Looks like either Gnome or KDE automounted them. Just right-click on the disk icon and select unmount.


----------



## skmpz (Oct 29, 2009)

SirDice said:
			
		

> Looks like either Gnome or KDE automounted them. Just right-click on the disk icon and select unmount.



this doesnt work.. it says device busy..


----------



## DutchDaemon (Oct 29, 2009)

I don't use GNOME, but it looks like it could work (I guess disabling 'automount_drives' would be enough), unless you can instruct GNOME to release the mounts.


----------



## Beastie (Oct 29, 2009)

And close all running applications as anyone of them may still have an open file handler on that drive. Then try unmounting again.

If it continues to fail, just log out of GNOME/KDE and umount(8) the drive manually.


----------



## zeiz (Oct 29, 2009)

Sometimes I cannot unmount a drive if after doing something there I'm still in its directory. Then I run:


> cd /


and then I can unmount.


----------



## Beastie (Oct 30, 2009)

zeiz said:
			
		

> Sometimes I cannot unmount a drive if after doing something there I'm still in its directory.

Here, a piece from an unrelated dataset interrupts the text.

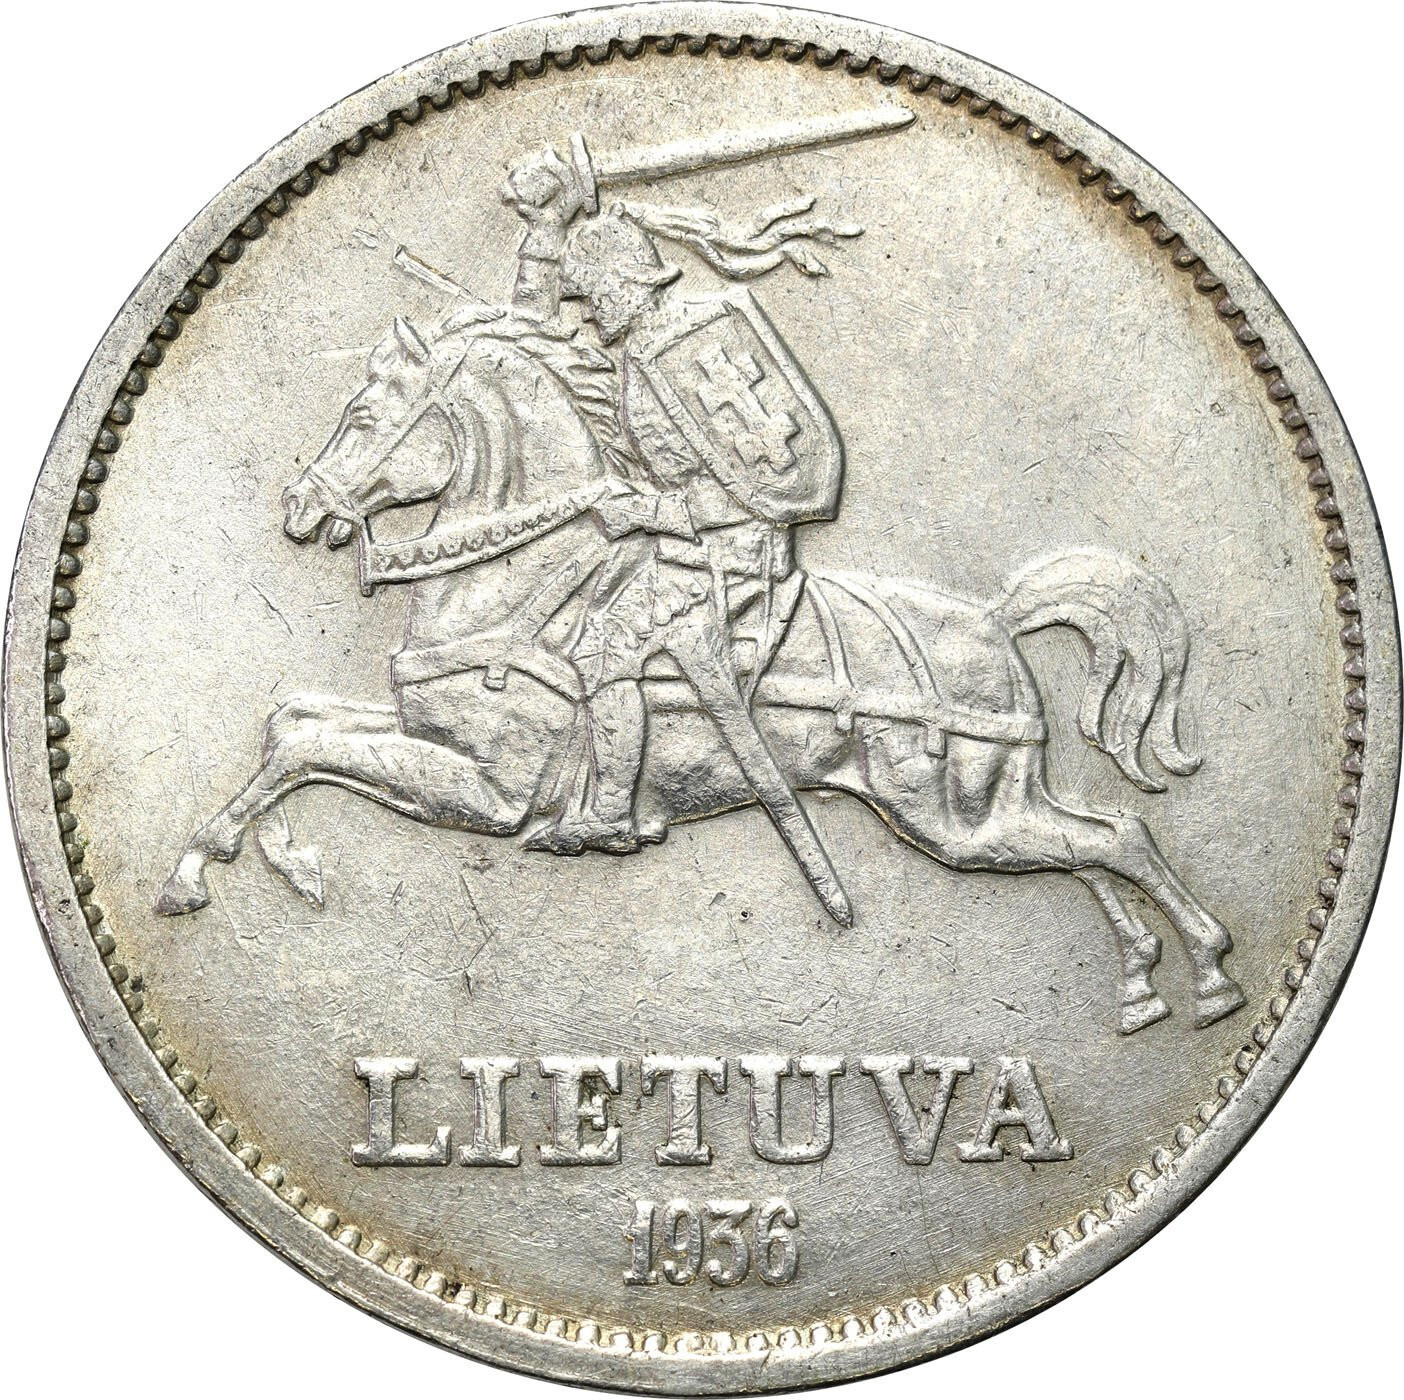 Litwa. 10 litu 1936, Kowno - Książę Witold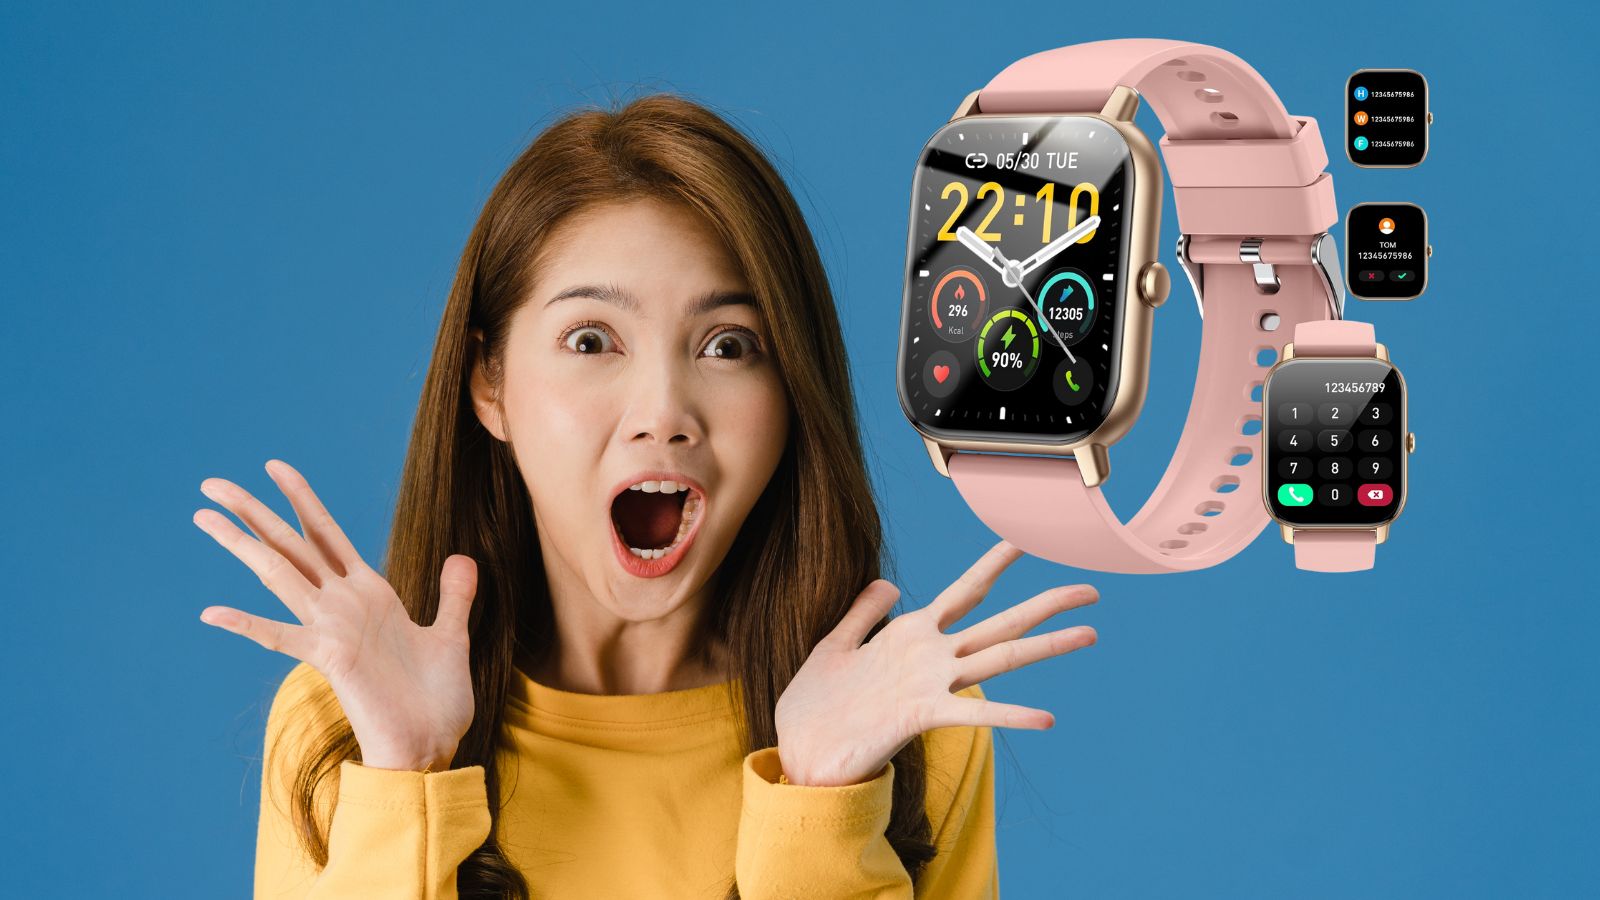 Smartwatch con microfono e display a colori in OFFERTA con il 67% di sconto (AMAZON)

Sometimes? Unmounting should *never* work if the partition/mount point is still open/in use.


----------



## dennylin93 (Oct 30, 2009)

It's possible to force it to unmoumt `# umount -f /mnt/`, but sometimes it might result in data loss.


----------



## killwin (Nov 3, 2009)

Hello,

When you will umount your disks, you can create slices in terminal like this :

newfs -U /dev/ad3s1a
newfs -U /dev/ad3s1d
newfs -U /dev/ad3s1e
newfs -U /dev/ad3s1f

and mount this in your /etc/fstab


----------



## killwin (Nov 3, 2009)

sorry like this (when you want to create a bootable freebsd ) :

fdisk -I ad3               # to informations about the disk
bsdlabel -R ad3s1          # create slices
bsdlabel -B ad3s1          # ad3s1 then can boot

newfs -U /dev/ad3s1a
newfs -U /dev/ad3s1d
newfs -U /dev/ad3s1e
newfs -U /dev/ad3s1f


----------